New drug significantly raises good cholesterol, cuts bad nearly in halfAbstract 21824
Study Highlights:
•An experimental cholesterol drug significantly raises good cholesterol while reducing bad cholesterol by almost half.
•The new drug did not appear to have the blood pressure-raising effects of another agent in the same class that was linked to increased deaths.
•If borne out by larger studies, the research could provide a new class of cholesterol-modifying drugs.
CHICAGO, Nov. 17, 2010 — An experimental drug more than doubles the level of good cholesterol and cuts the bad kind nearly in half without the blood pressure increase linked to another agent in its class, according to late-breaking clinical trial results presented at the American Heart Association’s Scientific Sessions 2010.
Determining the EFficacy and Tolerability of CETP INhibition with AnacEtrapib (DEFINE) is a randomized, double-blind trial of 1,623 patients who took either 100 milligrams (mg) of the cholesterylester transfer protein (CETP) inhibitor anacetrapib, or a placebo for 18 months at 153 centers in 20 countries. The patients were already being treated with a statin and/or other lipid-lowering medicine and had achieved their goal level of low-density lipoprotein (LDL) cholesterol.
The study’s primary endpoints were the percent change in LDL, known as the “bad” cholesterol associated with the development of clogged arteries, and safety as measured by a number of clinical and laboratory measures as well as cardiovascular (CV) events.
Anacetrapib reduced LDL by 40 percent — from 81 milligrams per deciliter (mg/dL) to 49 mg/dL. It also more than doubled the level of high-density lipoprotein cholesterol (HDL) that helps clear lipids from the bloodstream — from 40 mg/dL to 101 mg/dL — without raising blood pressure.
“Anacetrapib has a knock-your-socks-off effect on HDL and a jaw-dropping effect on LDL,” said Christopher P. Cannon, M.D., senior investigator of the TIMI Study Group in the cardiovascular division of Brigham and Women’s Hospital in Boston, Mass. “These changes are striking because virtually all the patients in the study were already taking cholesterol-lowering drugs and achieved previously unattainable levels of good and bad cholesterol.”
The experimental drug is one of a new class that blocks the ability of the CETP enzyme to transfer cholesterol particles from the good HDL to the bad LDL.
Elevated LDL and low levels of HDL are both risk factors for cardiovascular disease. Statins reduce LDL and lessen cardiovascular risk.

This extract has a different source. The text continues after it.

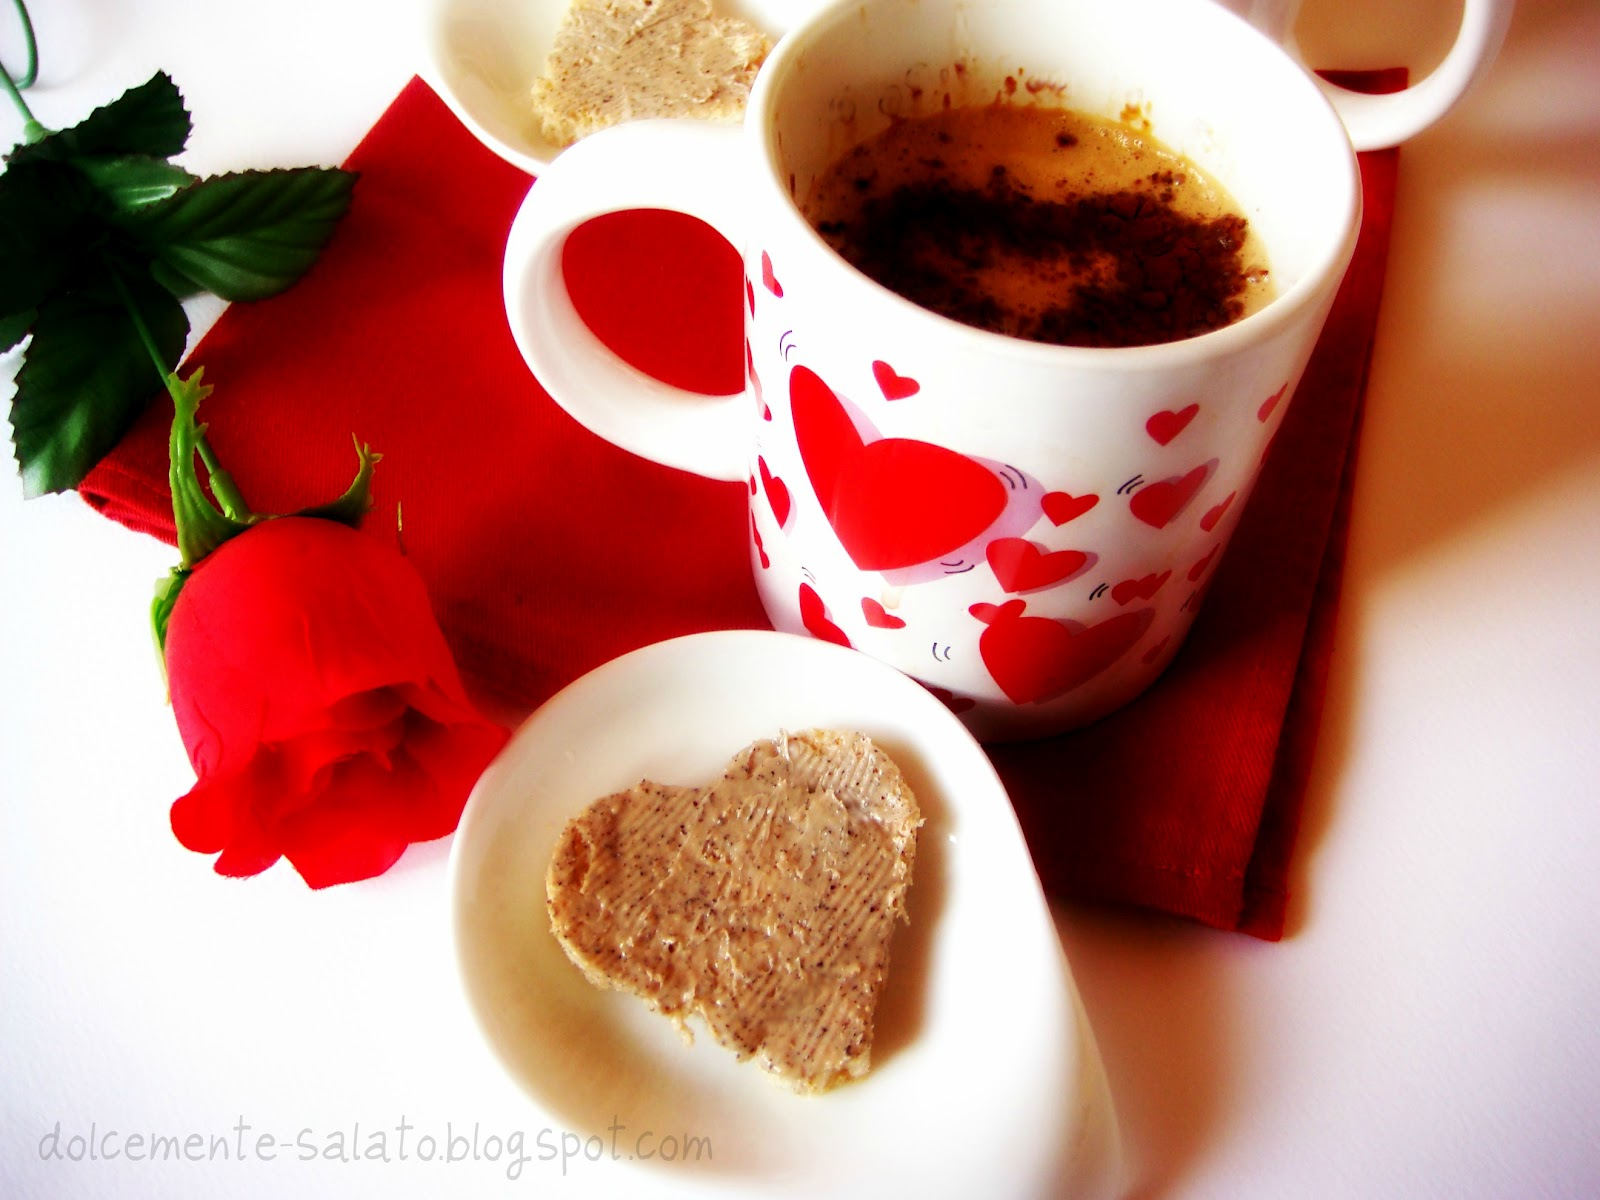 Dolcemente salato dolce colazione - Colazione al letto ...

Despite statin therapy, many patients still have a high risk of cardiovascular disease.
High natural levels of HDL are associated with lower cardiovascular risk, which is why researchers have been looking for ways to increase HDL levels, said Cannon, an associate professor of medicine at Harvard Medical School.
“No treatments raise HDL levels as substantially as seen here (more than doubling of the levels),” said Cannon.

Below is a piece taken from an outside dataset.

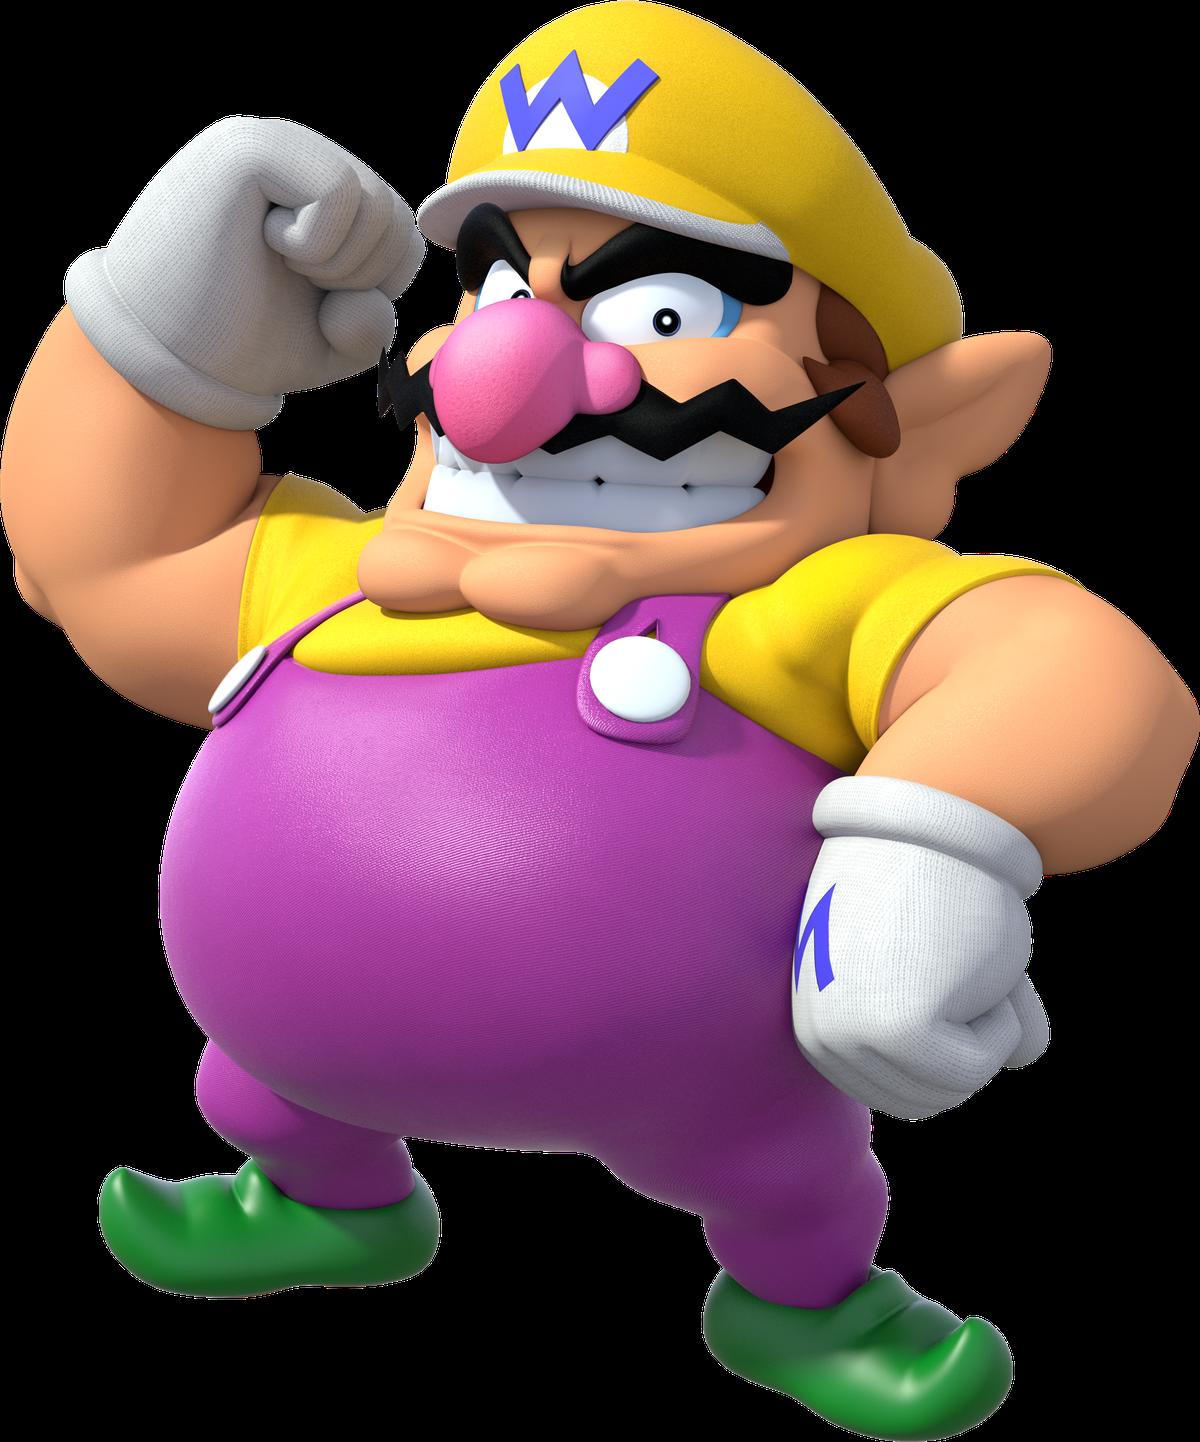 wario wearing a purple jumpsuit

Patients in DEFINE were 62.5 years old on average; 23 percent were women; 17 percent were Asian, black or multiracial and 15 percent were Hispanic. The study included interim safety analyses at six and 12 months, and researchers found no change in blood pressure or electrolytes among participants.
Levels of aldosterone, a hormone produced in the adrenal gland that affects kidney function and blood pressure, didn’t change. The researchers also found no increase in muscle problems or liver function abnormalities between groups — a side effect occasionally associated with statins.
Although the study was not designed or powered to assess the effects of anacetrapib on cardiovascular events, fewer cardiovascular events occurred in the anacetrapib group than in the statin-only group. The full efficacy and safety of anacetrapib will be evaluated in a larger Phase III trial, Cannon said.
“This agent provides us a very strong add-on treatment to statins that dramatically increases the good cholesterol and dramatically further decreases the bad cholesterol,” he said. “If the cardiovascular effects are borne out by future research, it would be a very promising approach to reducing cardiovascular events in patients with or prone to atherosclerosis.”
Co-authors are Sukrut Shah, R.Ph., Ph.D.; Hayes M. Dansky, M.D.; Michael Davidson, M.D.; Eliot A. Brinton, M.D.; Antonio M. Gotto Jr., M.D., D.Phil.; Michael Stepanavage, M.S.; Sherry Xueyu Liu, M.S.; Patrice Gibbons, M.S.; Tanya B. Ashraf, B.A.; Jennifer Zafarino, M.S.; Yale Mitchel, M.D. and Philip Barter, M.D., Ph.D. Author disclosures are on the abstract.
Merck Research Laboratories, Rahway, N.J., funded the study.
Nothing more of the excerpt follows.